Have you ever known someone to have a life filled with drama, only to be bereft of real, solid happiness and peace? We often call this kind of person a Drama Queen, whether it’s a guy or a gal.

Drama can be very addictive if it is your means for self-importance in the world. When you derive all of your meaning from life by the amount of turmoil you can conjure, you know you have a problem. As I have gotten older, I tend to stay farther and farther away from this type of person. Their energy is life-sucking.

As a young man I had a lot of drama in my life, most of it not self-imposed. But our early years are when we learn how to manage life and love. So it stands to reason, that we may try to recreate drama, should our lives stop having considerable meaning.

I remember a time when I truly started to feel the Peace of God in my life. Strange doesn’t begin to describe the feeling that enveloped me. I was used to a life of struggle, fear, and anxiety. So, when peace came to visit, all I felt was a big, fat void. It felt strange and lifeless. It was similar, I guess, to the feeling cigarette smokers say they feel when they stop having a cigarette in their hands after they quit.

What do I do now? What is emptiness about? Is peace a “something” to do?

A very smart therapist told me once that I needed to take a year or two off from relationship, because I didn’t know what it meant to be alone. I spent many years fighting the assignment, until I began to reflect on what I just described about peace.

What I really was running from in being alone… was God. Peace was the presence of God. I felt uncomfortable in the presence of Spirit, to put it bluntly. Until I could sit alone and be fine with it, I decided, I was going to forgo any kind of new relationship. This was no longer an assignment for a therapist; it was a spiritual dictum.

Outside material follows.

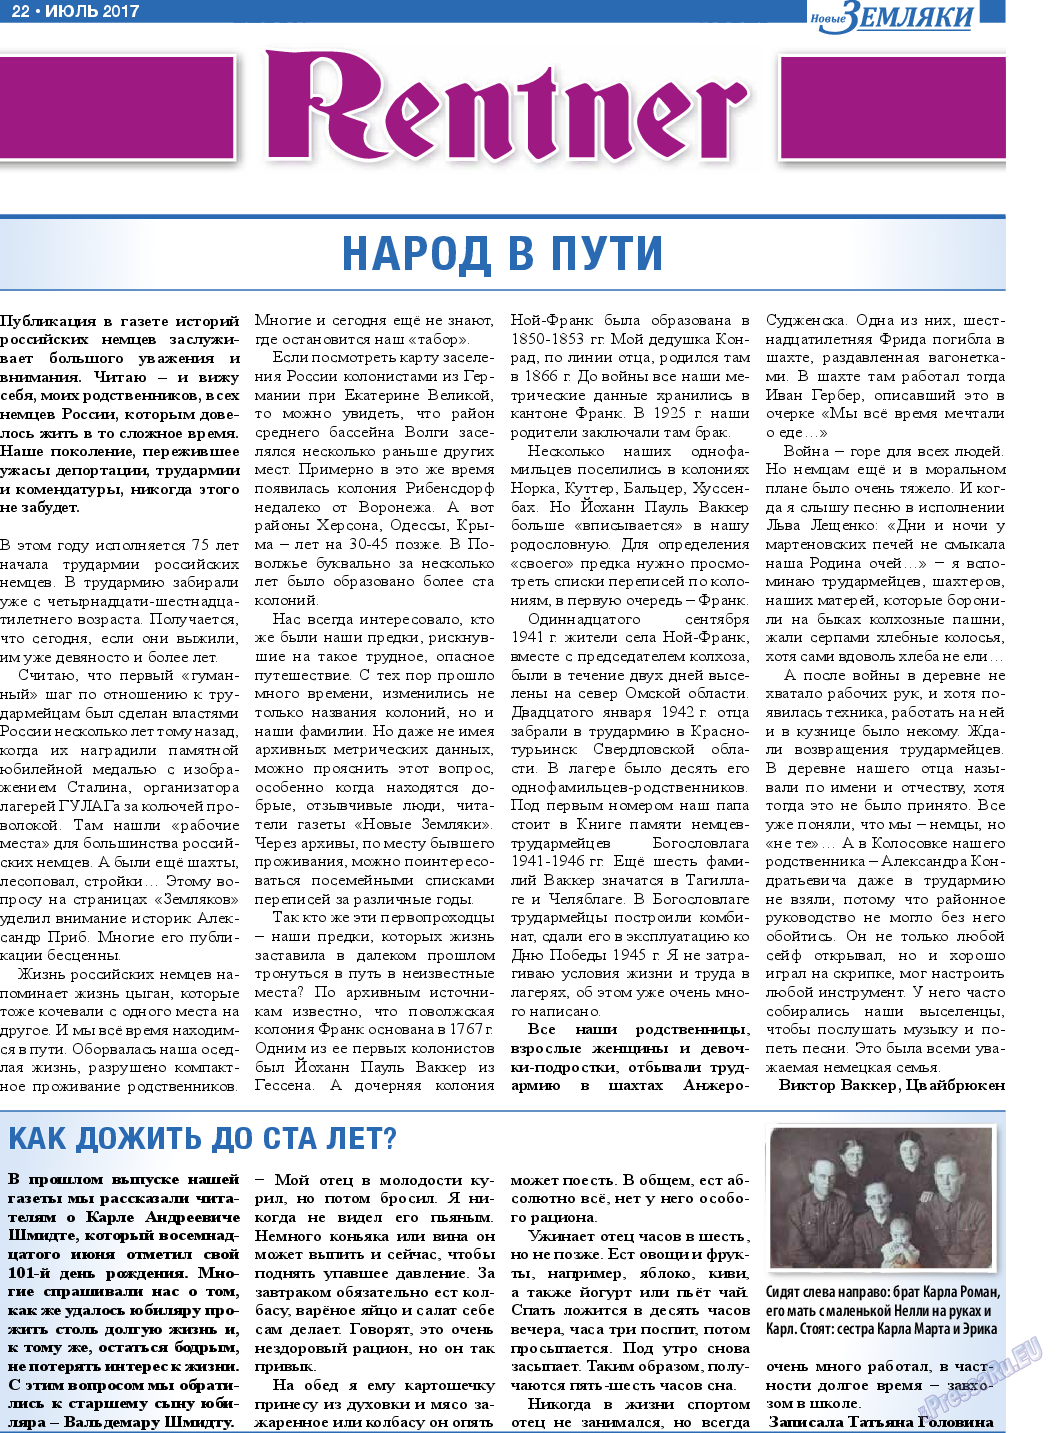 Новые Земляки, газета. 2017 №7 стр.22

I made a good choice. The first few weeks were hell. I sat alone with the television on, the computer on my lap with four open chat windows, played online games, and talked on the phone. What I didn’t do was be alone. It took weeks before I began to shut out the social media and disturbing crime dramas, which only reflected my inner turmoil even more. Soon, I began to take small chunks of time to the silence.

There I met a surprising guest—someone I didn’t imagine still existed. His name was Bobby. He was about seven years old. He hid out in a closet underneath his brother’s clothes during the day. His only source of light was a LiteBrite with the pretty colored pegs forming the shape of a butterfly. His story was about observing my choices. Some were not making this young part of me feel very secure.

So, I made a commitment to my inner child and to myself to observe how I felt about every choice in my future. Did it cause security, or did it bring confusion and drama? This is your choice today!

If you want peace, you must choose it—everyday!